From: https://drive.google.com/uc?id=137fZnrkcm0YbBIBcCoLI2Vgnwq30j1hm
To: /content/s2_training.zip
81.9MB [00:01, 73.4MB/s]
Archive:  s2_training.zip
replace challenge_4_training_dataset/CREDITS.txt.txt? [y]es, [n]o, [A]ll, [N]one, [r]ename: N


In [43]:
class CustomSpeechDataset(torch.utils.data.Dataset):
  def __init__(self, path, typ='train', transforms=None):

    assert typ == 'train' or typ == 'test', 'typ must be either "train" or "test"'

    self.typ = typ
    self.transforms = transforms
    self.targets = []

    if self.typ == 'train':
      self.class_names = sorted(os.listdir(path))
      num_classes = len(self.class_names)

      for class_idx, class_name in enumerate(self.class_names):
        class_dirx = os.path.join(path, class_name)
        wav_list = os.listdir(class_dirx)

        for wav_file in wav_list:
          self.targets.append({
              'filename': wav_file,
              'path': os.path.join(class_dirx, wav_file),
              'class': class_name
          })

    if self.typ == 'test':
      wav_list = os.listdir(path)
      for wav_file in wav_list:
        self.targets.append({
            'filename': wav_file,
            'path': os.path.join(path, wav_file)
        })
  
  def __len__(self):
    return len(self.targets)

  def __getitem__(self, idx):
    if torch.is_tensor(idx):
      idx.tolist()

    signal, sr = torchaudio.load(self.targets[idx]['path'], normalization=True)
    filename = self.targets[idx]['filename']

    if self.transforms:
      for transform in self.transforms:
        signal = transform(signal)

    if self.typ == 'train':
      clx_name = self.targets[idx]['class']
      return filename, signal, sr, clx_name
    
    elif self.typ == 'test':
      return filename, signal, sr

In [44]:
full_dataset = CustomSpeechDataset(path='challenge_4_training_dataset/s2_train_release', typ='train')
train_size = int(len(full_dataset)*0.8)
valid_size = len(full_dataset) - train_size
train_set, valid_set = torch.utils.data.random_split(full_dataset, [train_size, valid_size])

In [45]:
labels = full_dataset.class_names

In [46]:
labels_to_indices = {}
for idx, l in enumerate(labels):
  labels_to_indices[l] = idx

Let's next look at one example from the training set.

In [47]:
# filename, waveform, sample_rate, label_id = train_set[0]

In [48]:
# print("Shape of waveform: {}".format(waveform.size()))
# print("Sample rate of waveform: {}".format(sample_rate))

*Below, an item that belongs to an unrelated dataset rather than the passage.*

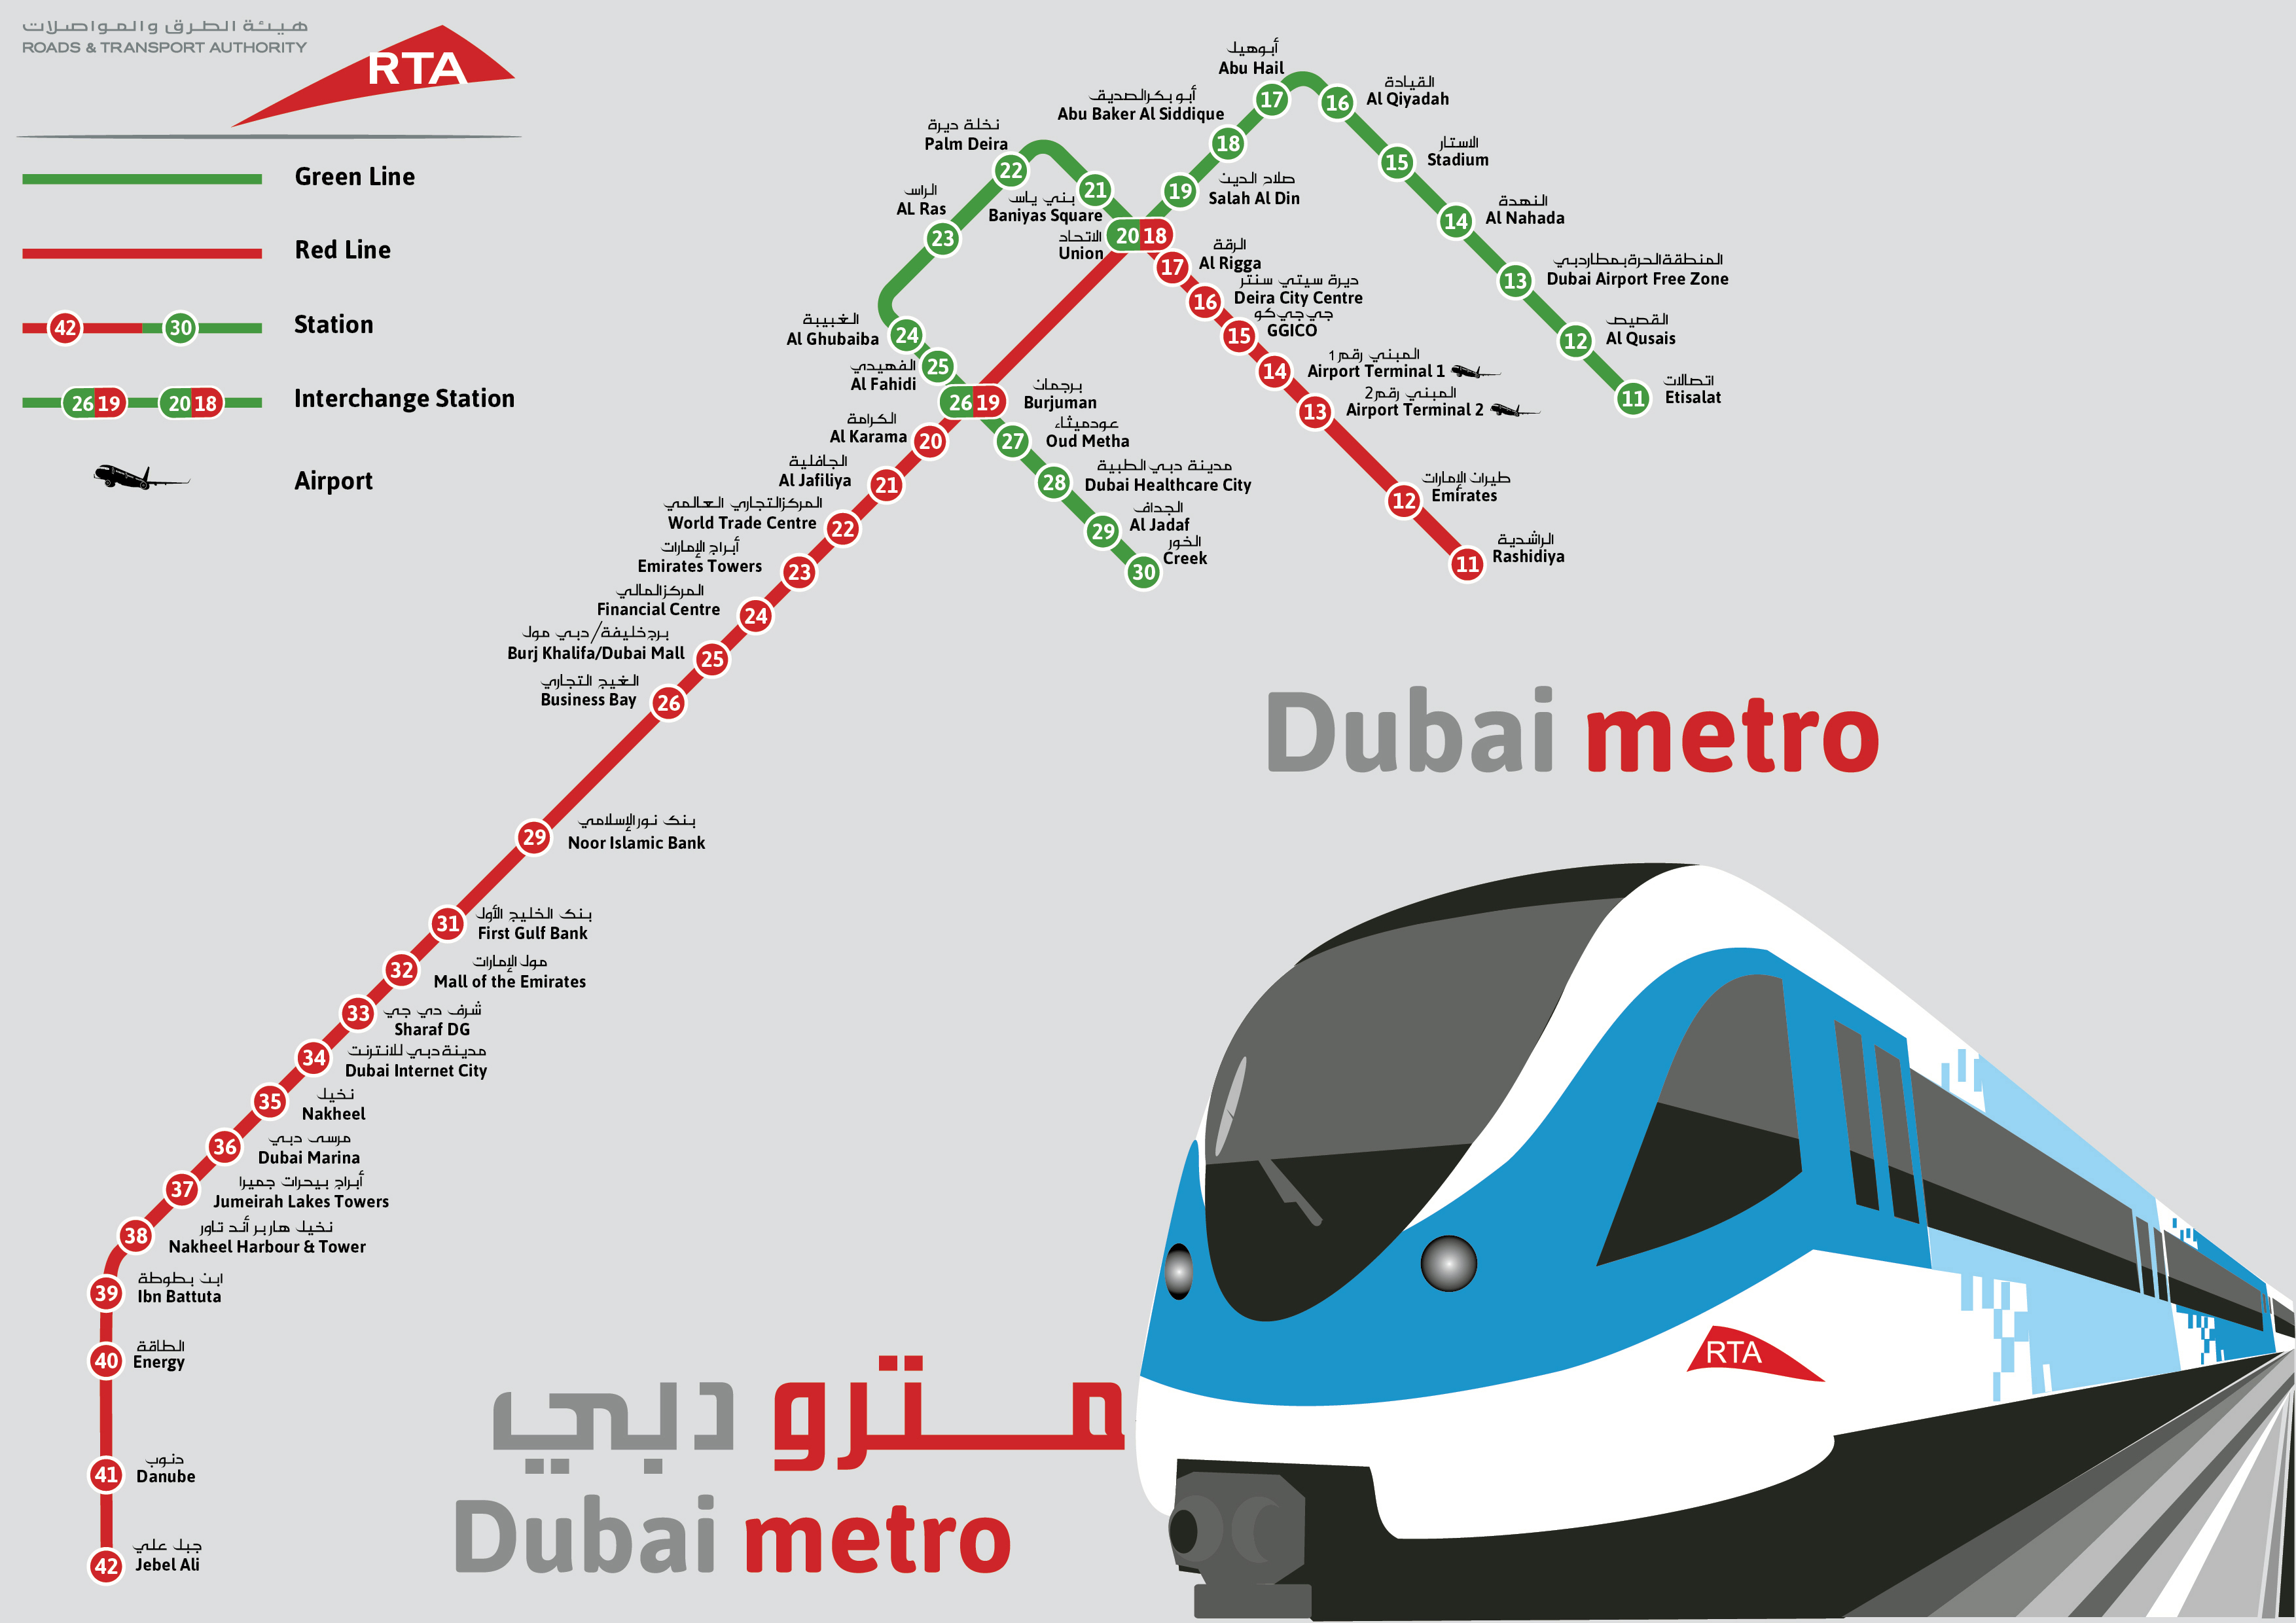 dubai tourist places by metro

# Let's plot the waveform using matplotlib
# We observe that the main audio activity happens at the later end of the clip
# plt.plot(waveform.t().numpy());

In [49]:
# let's play the audio clip and hear it for ourselves!
# ipd.Audio(waveform.numpy(), rate=sample_rate)

## Constant Sample Lengths
In order to insert our features into a model, we have to ensure that the features are of the same size. Below, we see that the sample length varies across the audio clips.

Let's pad the audio clips to a maximum sample length of 16000. (16000 sample length is equal to 1 second at 16,000 Hz sampling rate)
We will pad audio clips which are less than 1 second in length, with parts of itself.

In [50]:
audio_lens = []
for i in range(len(train_set)):
  audio_lens.append(train_set[i][1].size(1))

print('Max Sample Length:', max(audio_lens))
print('Min Sample Length:', min(audio_lens))

Max Sample Length: 16000
Min Sample Length: 16000


In [51]:
class PadAudio(torch.nn.Module):
  def __init__(self, req_length = 16000*10):
    super().__init__()
    self.req_length = req_length

  def forward(self, waveform):
    while waveform.size(1) < self.req_length:
      waveform = torch.cat((waveform, waveform[:, :self.req_length - waveform.size(1)]), axis=1)
    return waveform

# let's set up a list of transformations we are going to apply to the waveforms
transformations = []
transformations.append(PadAudio())

## Features
In this classification example, instead of using the raw waveform of the audio clips, we will craft handmade audio features known as melspectrograms instead.

For an in-depth explanation of what a melspectrogram is, I would highly recommend reading this article [here](https://medium.com/analytics-vidhya/understanding-the-mel-spectrogram-fca2afa2ce53).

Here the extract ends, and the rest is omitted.